Chell would fall solidly in to this category, as there are very few points in both games where she does anything without being made too, and she never talks at all.

But all three characters in the Assassins Creed games have cut scenes, where they become the character again. Indeed all 4 assassins Creed games have been transferred in to book form, so there is a very set structure to what they do. There are several forms of media the game has taken, including short movies, and comics on top of the books and games.

If there is a state between character and avatar, I believe that's where the assassins lie. Neither one or the other, but a state where they are both.

Web Communities Article Four: Casual and Core Gamers

Looking through my lecture notes, and I notice a couple of pages dedicated to the differences between hardcore and casual gamers. And I have a big disagreement with that.

First, it says hardcore gamers prefer darker story lines, spending lots of time in the game play, having played lots of games before, with controls that are harder to master. While casual gamers prefer lighter storylines, having played few games, prefer easier controls, and aren't willing to invest much time in to the game.

If one can sit at the computer, playing one game for hour's at a time, it would fall in to the hardcore factor of gaming. Correct?

What if that game was solitaire?

On the other hand, spending maybe 30 minutes while waiting for something dipping in to a game would be considered casual. What if the game was World of Warcraft?

Casual and Hardcore gaming is a concept I struggle to wrap my head around.
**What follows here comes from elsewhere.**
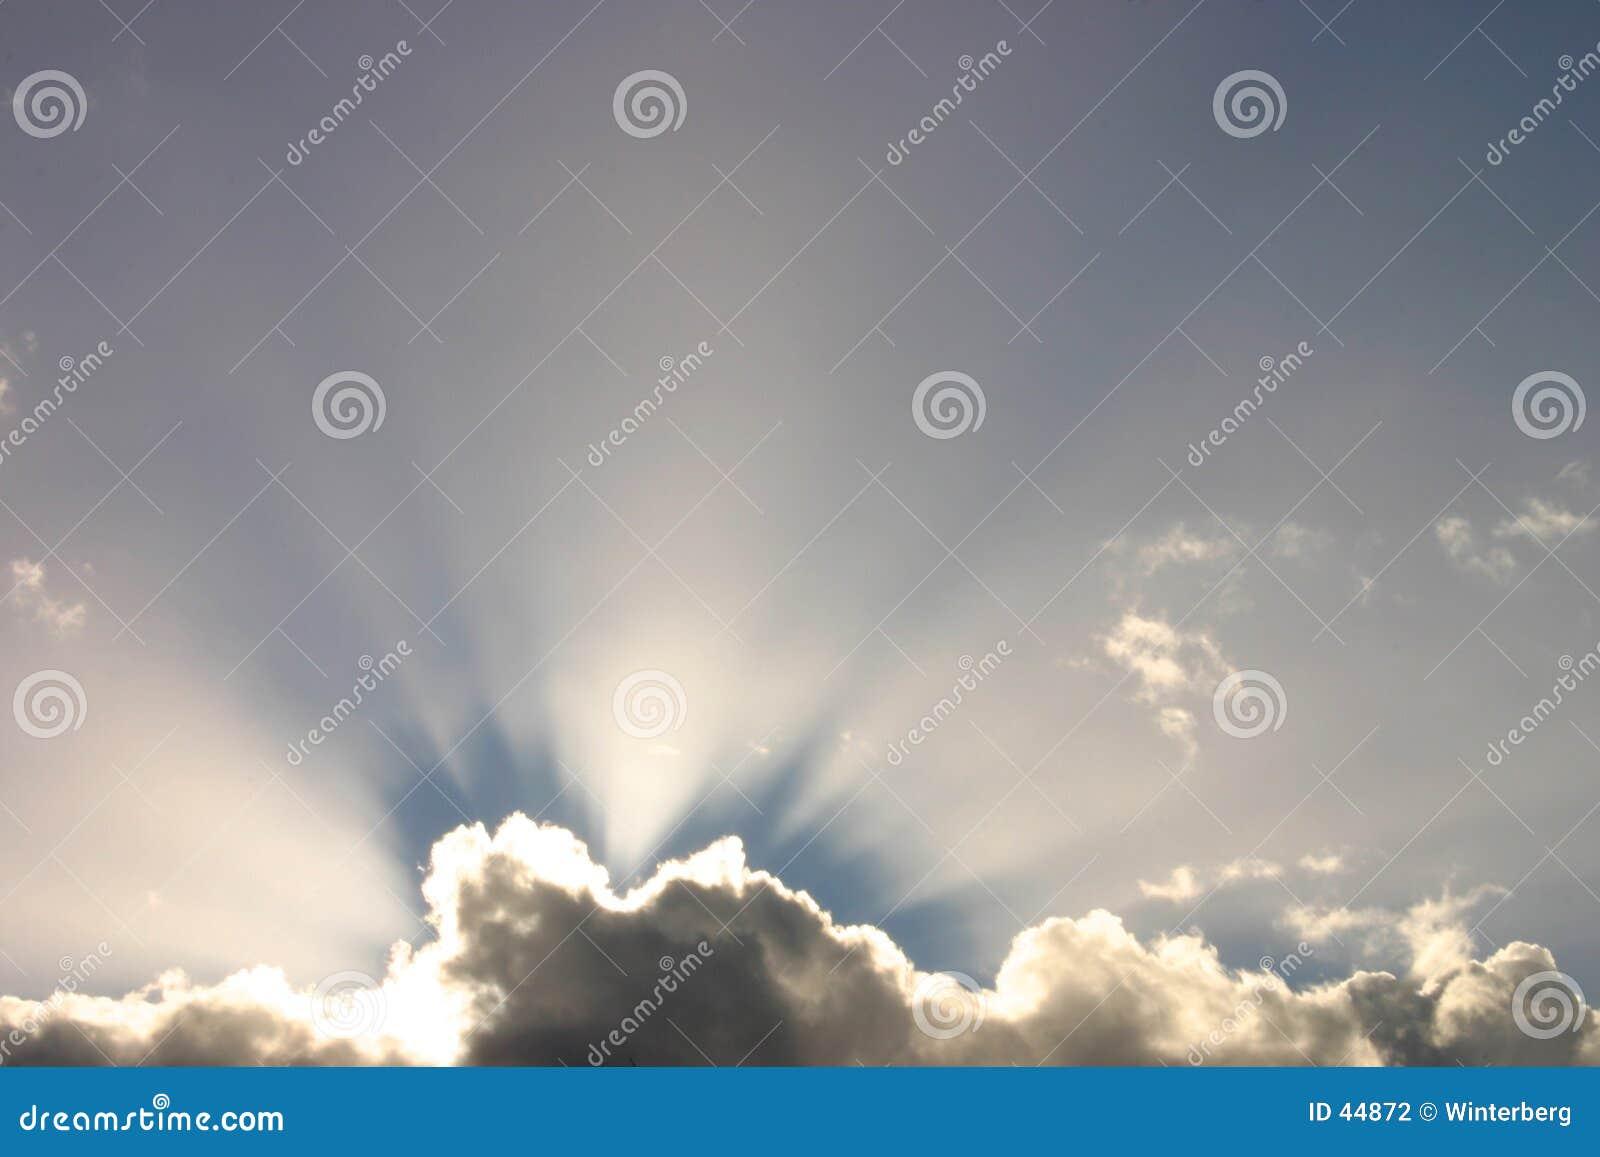 Download Rayos de sol foto de archivo. Imagen de cielo, viga, azul - 44872

My housemate can spend her entire day playing the Sims, which is the same amount of time my brother can spend on Skyrim. While I can spend maybe 30 minutes to an hour jumping around on Assassins Creed while I've got nothing better to do, which many people can kill playing Angry Birds.

Which is why I put it to you, there is no such thing as a casual game, only casual game play. Playing with intensity makes it a hard core game experience, while impulsively playing another makes it casual.

So I put it forward, there is no such thing as casual games, or gamers, only casual gameing. While much of what we consider to be "casual games" can be easy to master, easy to pick up and put down, casual is a style of game play that is not reflective of the way they can, and often are, played.



The Jimquisition is something that usually gets on my nerves, a lot, but despite the irritating start, he makes some very good points in this.

Also on the same website there's this article.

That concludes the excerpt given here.